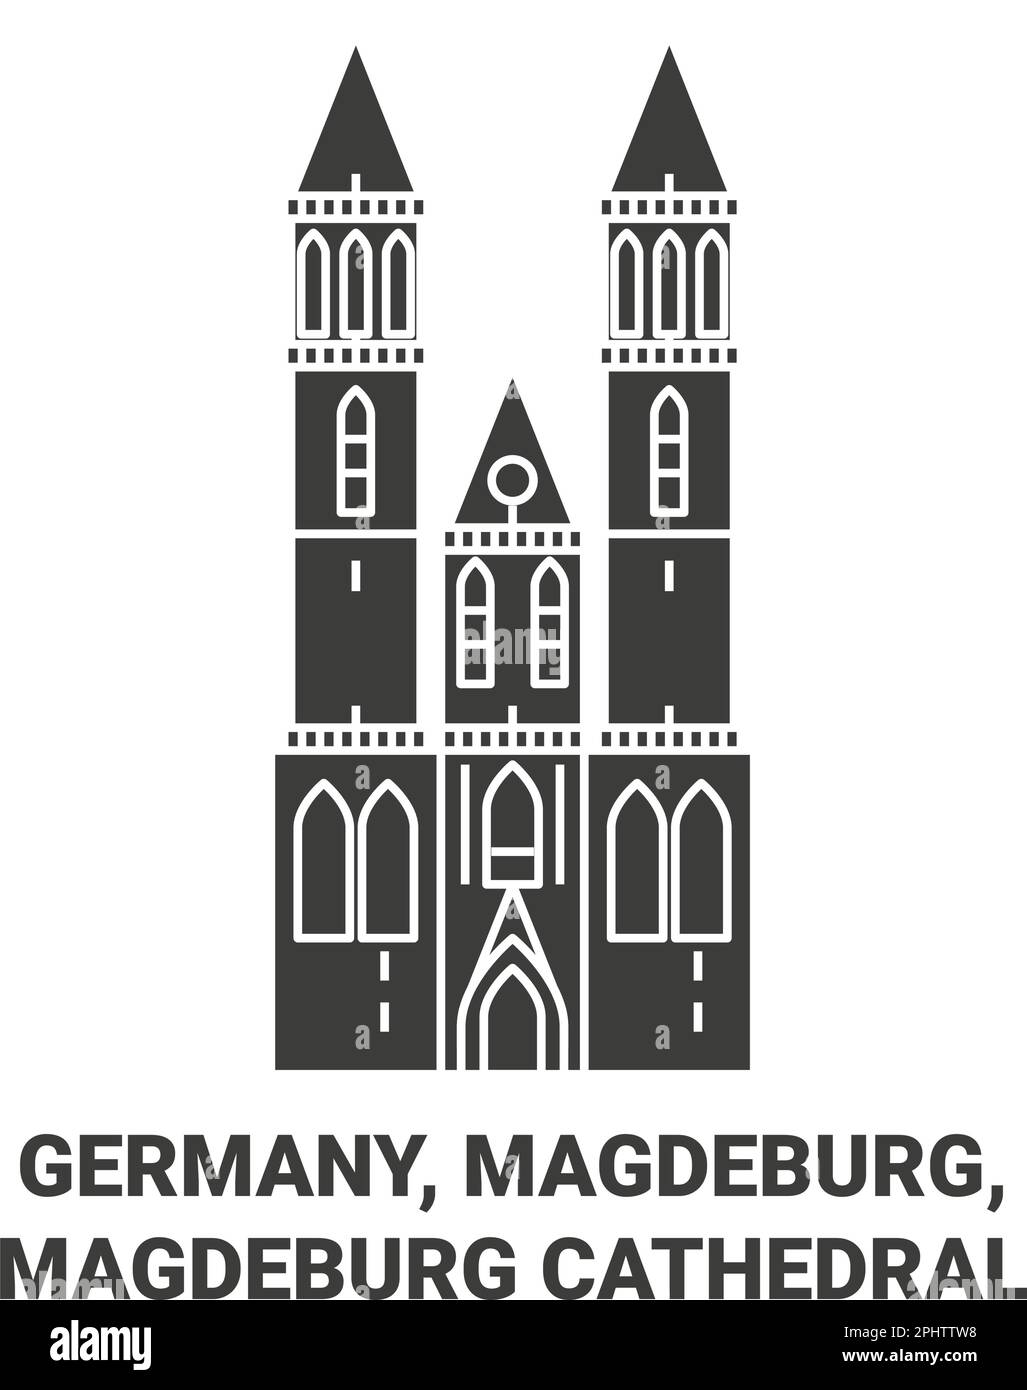 Allemagne, Magdeburg, Cathédrale de Magdeburg voyage illustration vectorielle Illustration de Vecteur
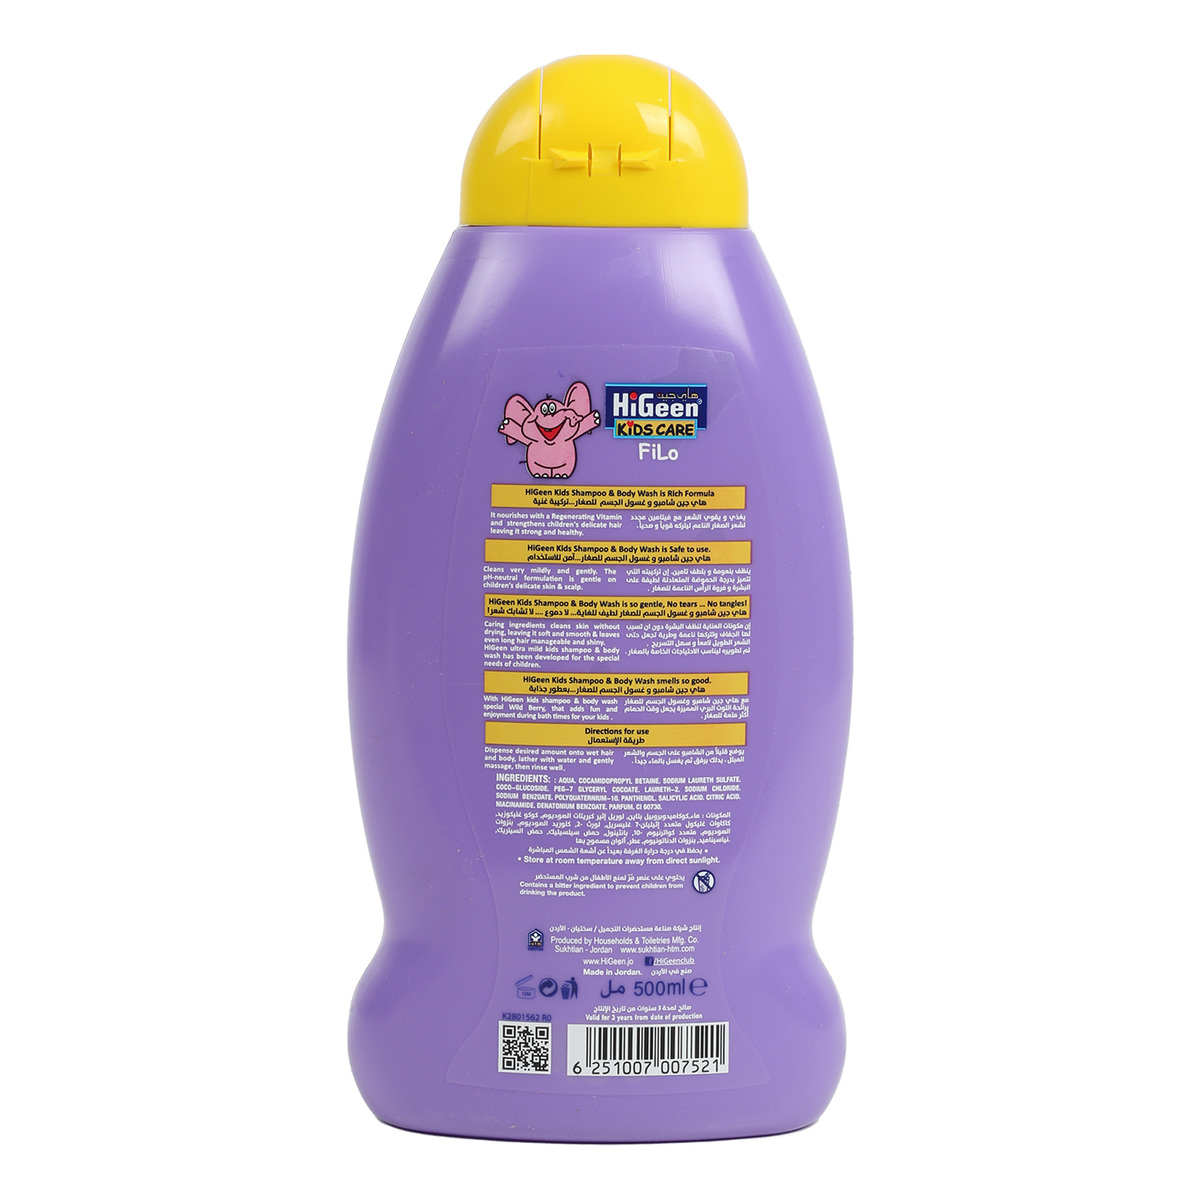 Hi Geen Wild Berry Filo Kids Shampoo & Body Wash 500 ml
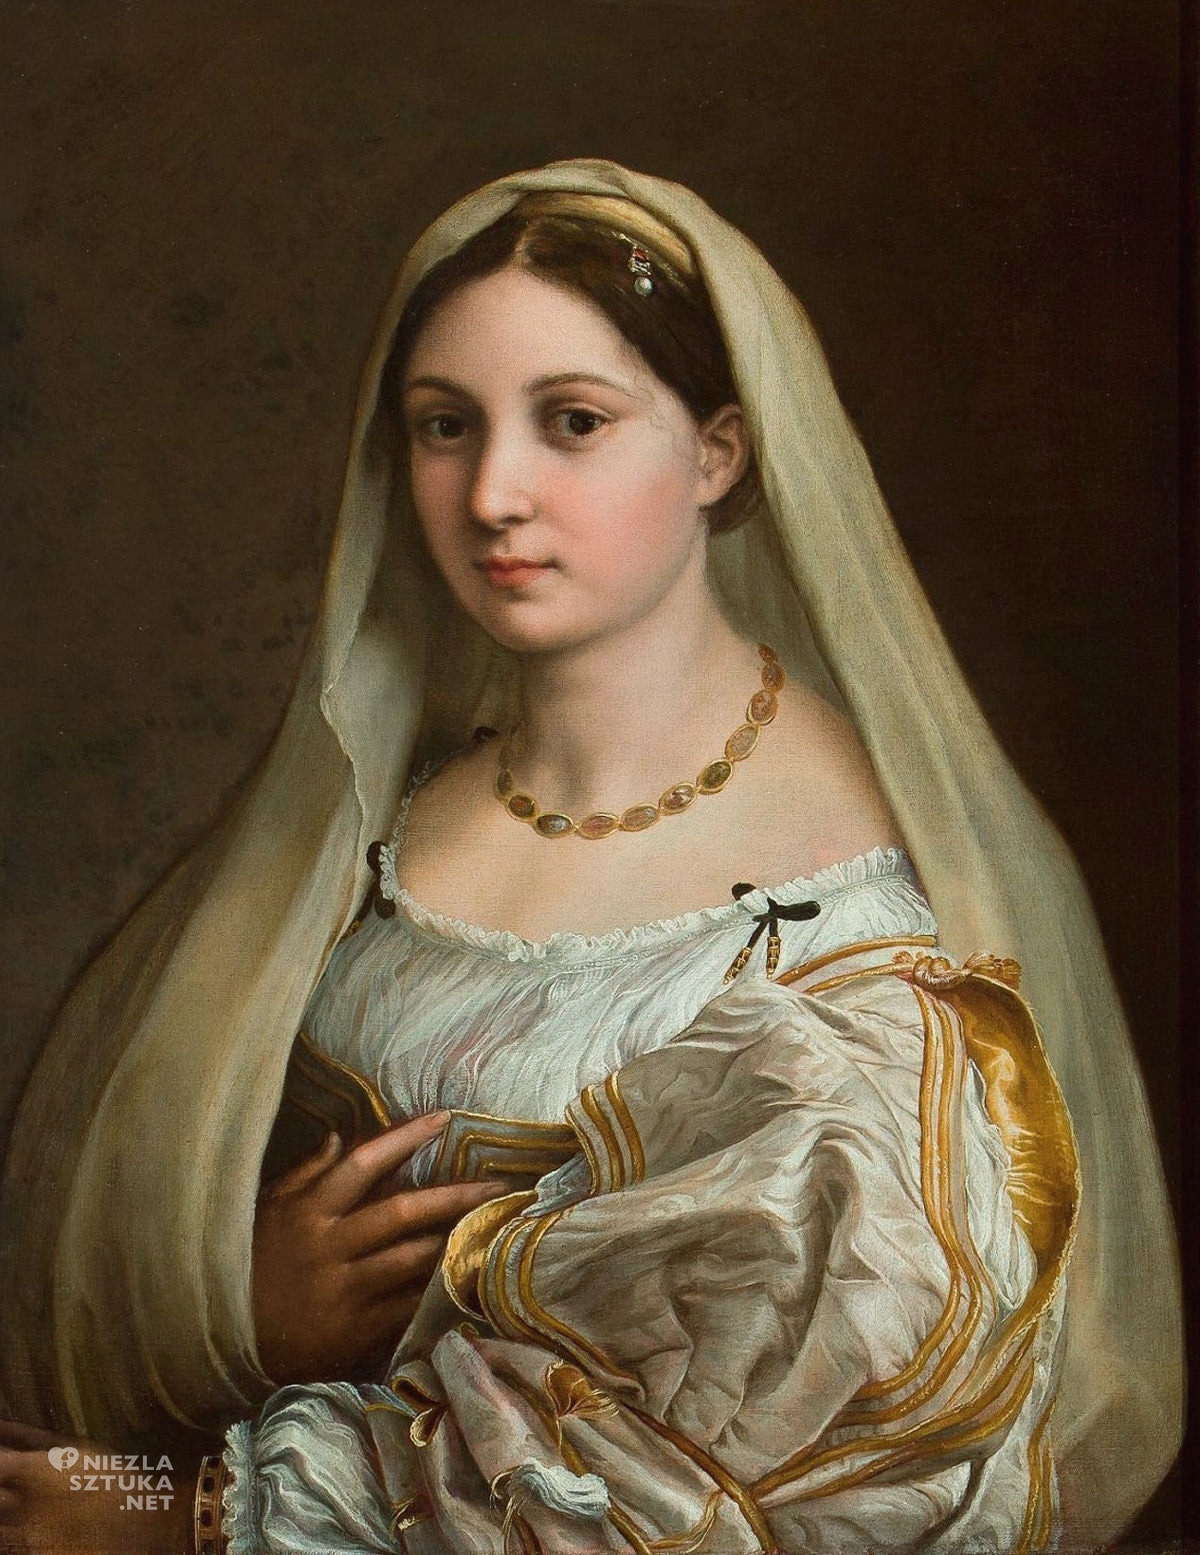 Rafael, La velata, La donna velata, portret kobiety, kobieta z welonem, sztuka włoska, Margherita Luti, niezła sztuka

==*==

**Directions**. Apart from the pictures, every line of the material above is to be returned word for word.

**Answer for this exercise**.
 Allemagne, Magdeburg, Cathédrale de Magdeburg voyage illustration vectorielle Illustration de Vecteur
 Hi Geen Wild Berry Filo Kids Shampoo & Body Wash 500 ml
 Rafael, La velata, La donna velata, portret kobiety, kobieta z welonem, sztuka włoska, Margherita Luti, niezła sztuka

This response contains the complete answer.